CAPÍTULO X

Pero ella no le tentó más. Elías recibió las primeras órdenes, siguió estudiando y en breve fue consagrado sacerdote y pudo decir la primera misa. En su casa hicieron fiesta como para una boda. Parientes y amigos le trajeron regalos, como si fuera un novio; se degollaron ovejas y corderos, se celebró un banquete y se cantó improvisando versos para el joven sacerdote. Tío Portolu estrenaba vestido, tenía los cabellos untados y llevaba las trenzas rehechas, y escuchaba la competición de los poetas improvisados teniendo sobre las rodillas al pequeño Berte, que reclinaba melancólicamente la cabecita sobre su pecho.

—¿Qué tienes, corderito mío? —preguntó tía Annedda, inclinándose hacia el pequeño—. ¿Tienes sueño?

El niño movió la cabeza.

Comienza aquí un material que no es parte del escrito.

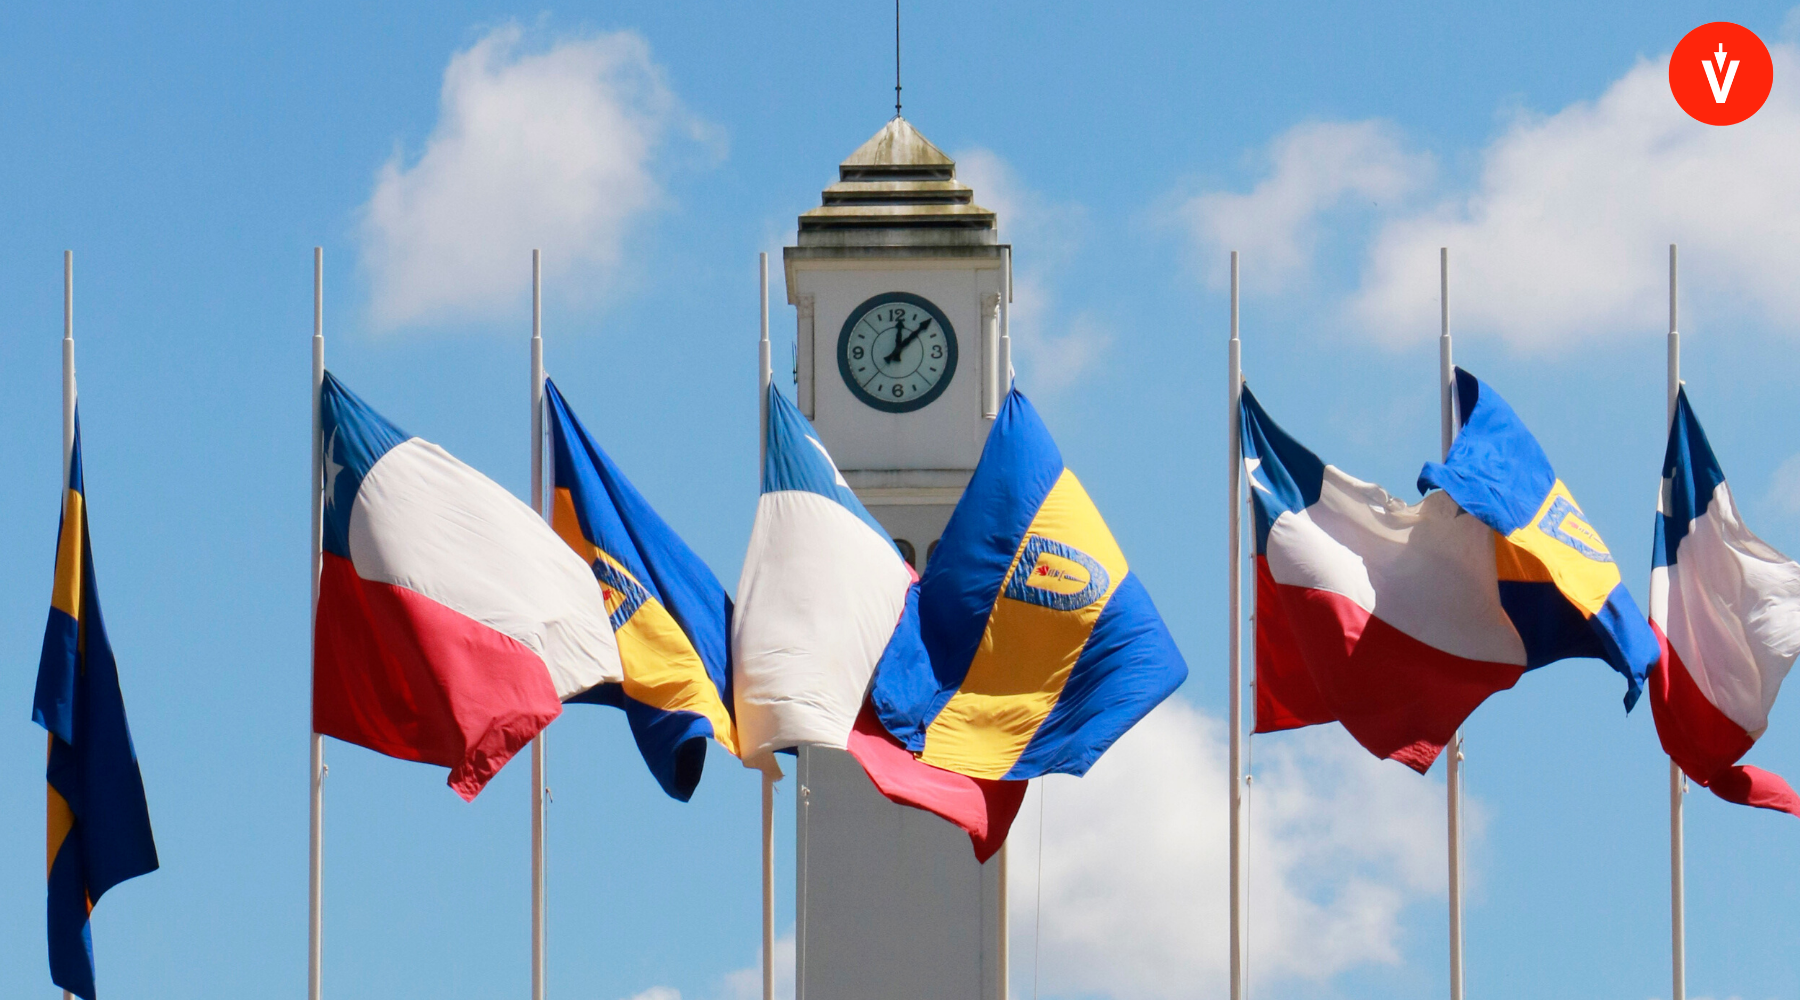 Torre del reloj y banderas de la Universidad de Concepción, Chile, con logo de EVoting en la esquina

Sus ojos glaucos estaban tristes. Tía Annedda cogió con dos dedos un dulce de pasta y de miel en forma de pajarito, e inclinándose de nuevo hacia su nietecillo, se lo dio.

—Toma, mira, un pajarito. No te duermas, ¿sabes?

El niño cogió el dulce de mala gana, sin levantar la cabeza del pecho del abuelo, y acercó los labios al pico del pajarito, pero no se lo comió.

—¿Tienes sueño? —preguntó tío Portolu mirándole—. ¿No has dormido esta noche, pajarito mío? Vamos, despabílate, escucha qué canciones tan bonitas. Cuando seas grande, también tú cantarás así. Te llevaré a caballo a la tanca y cantaremos juntos.

Pero el pequeño, que siempre se entusiasmaba ante la idea de ir a la tanca, no se despabiló. A la hora de la comida no quiso comer, y no se separó del abuelo, sobre cuyo pecho seguía teniendo apoyada la cabeza.

—Me parece que tu hijo está enfermo —gritó Farre a Maddalena.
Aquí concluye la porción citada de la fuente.